Phoenix doesn’t get a lot of press for their interpersonal drama. There are no Liam-and-Noel-sized egos or fits of Thom Yorkeian existential despair (surprising, for a bunch of Frenchmen). So when the documentary film From A Mess To The Masses went live today as a free stream on Vimeo, we weren’t quite sure what to expect from watching these nice enough looking dudes who have some pop hits. And … the documentary is, it turns out, pretty tension-free. The footage here is taken from the band’s 2009-2010 tour for Wolfgang Amadeus Phoenix and aside from typical backstage stuff, here are four interesting things you’ll learn.
The band was conceived as a studio project.
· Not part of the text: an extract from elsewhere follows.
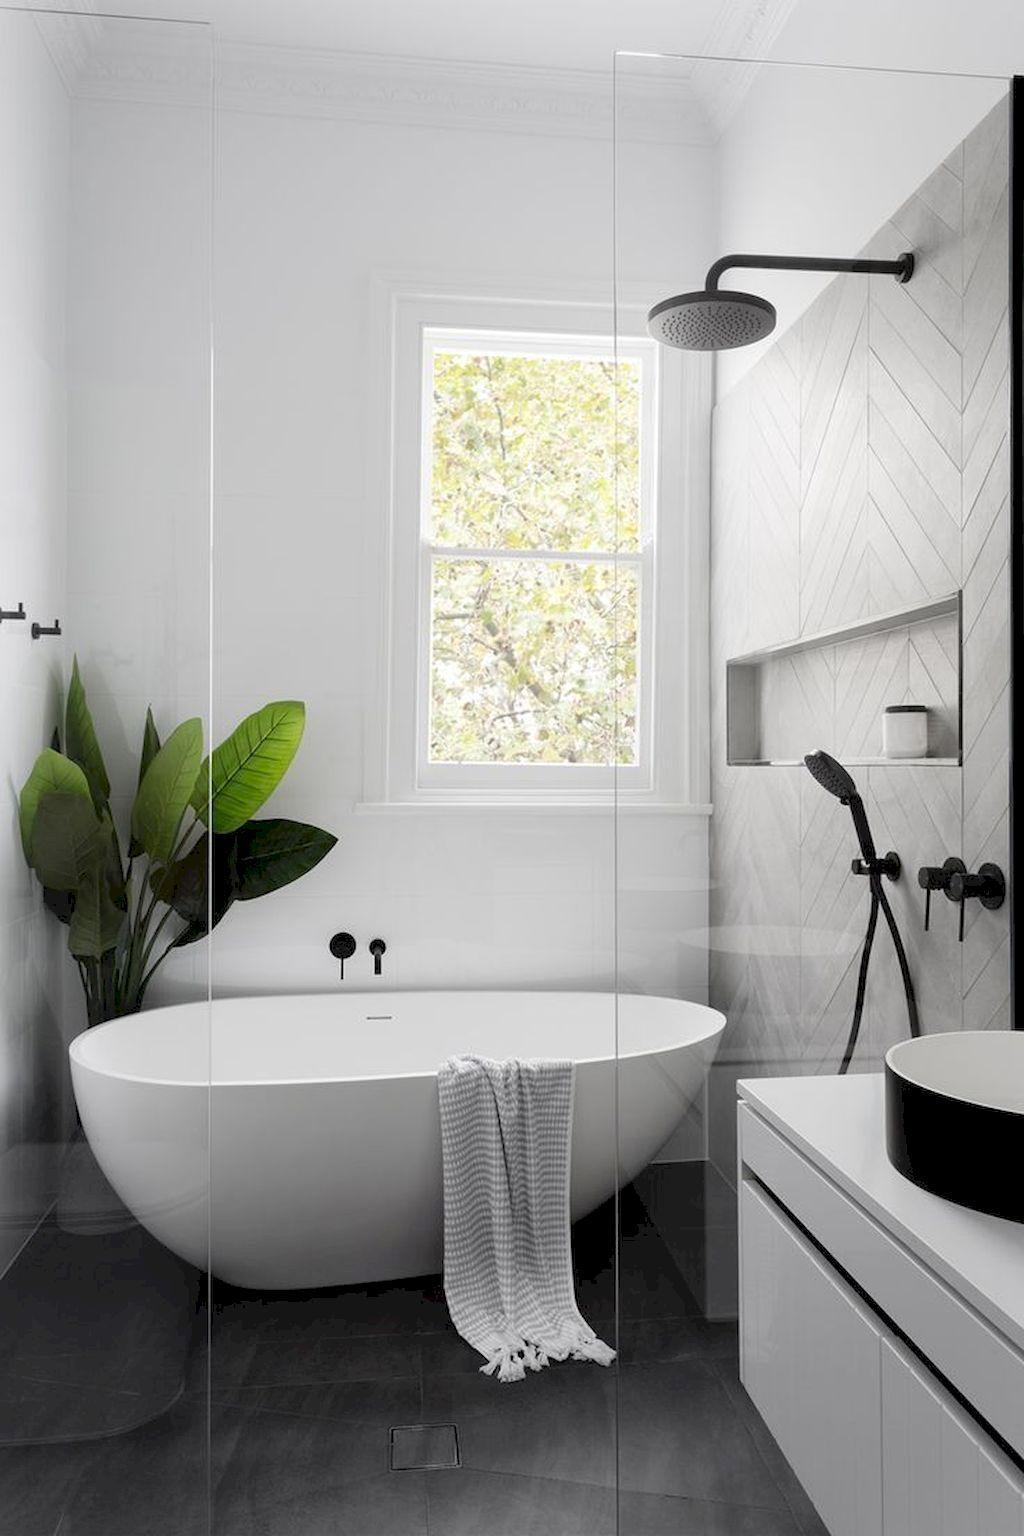 Pin by top home decor design ideas on bathroom ideas pinterest

There were no venues in Versailles in the mid-’90s, when the band started, apparently, so they didn’t play live for years. They credit this with making them a stronger group of songwriters, and for the ultra-high production quality of their albums — while other bands were getting drunk at shows, they were holed up in the studio and listening to records.
They were shocked to blow up so quickly in the U.S. By the film’s climax, which sees the band winning Grammys and playing Madison Square Garden with Daft Punk, they’re able to take things more or less in stride. But early on, when they’re on their first U.S. tour, they seem flabbergasted: “We started the tour in Bonnaroo. We heard the crowd screaming, and we thought it was for someone else.”
They think Kansas City is in Kansas. While talking about the tour’s surprising reception in the United States, a band member expresses shock at how many people came to see them at their Kansas City gig at the Uptown Theater in 2010. “It’s a mystery that people in Kansas come to see us!” Actually, they were people in Missouri. No biggie, though — easy mistake to make!
For a band born out of the studio, they now flourish in a live setting. The highlight of most rock documentaries is the performances, and From a Mess to the Masses gets this part right. The performance footage here really helps capture what’s so special about Phoenix. The film spends a lot of time talking about how the band is still a studio project in a lot of ways, but for a studio project, they sure bring it on stage.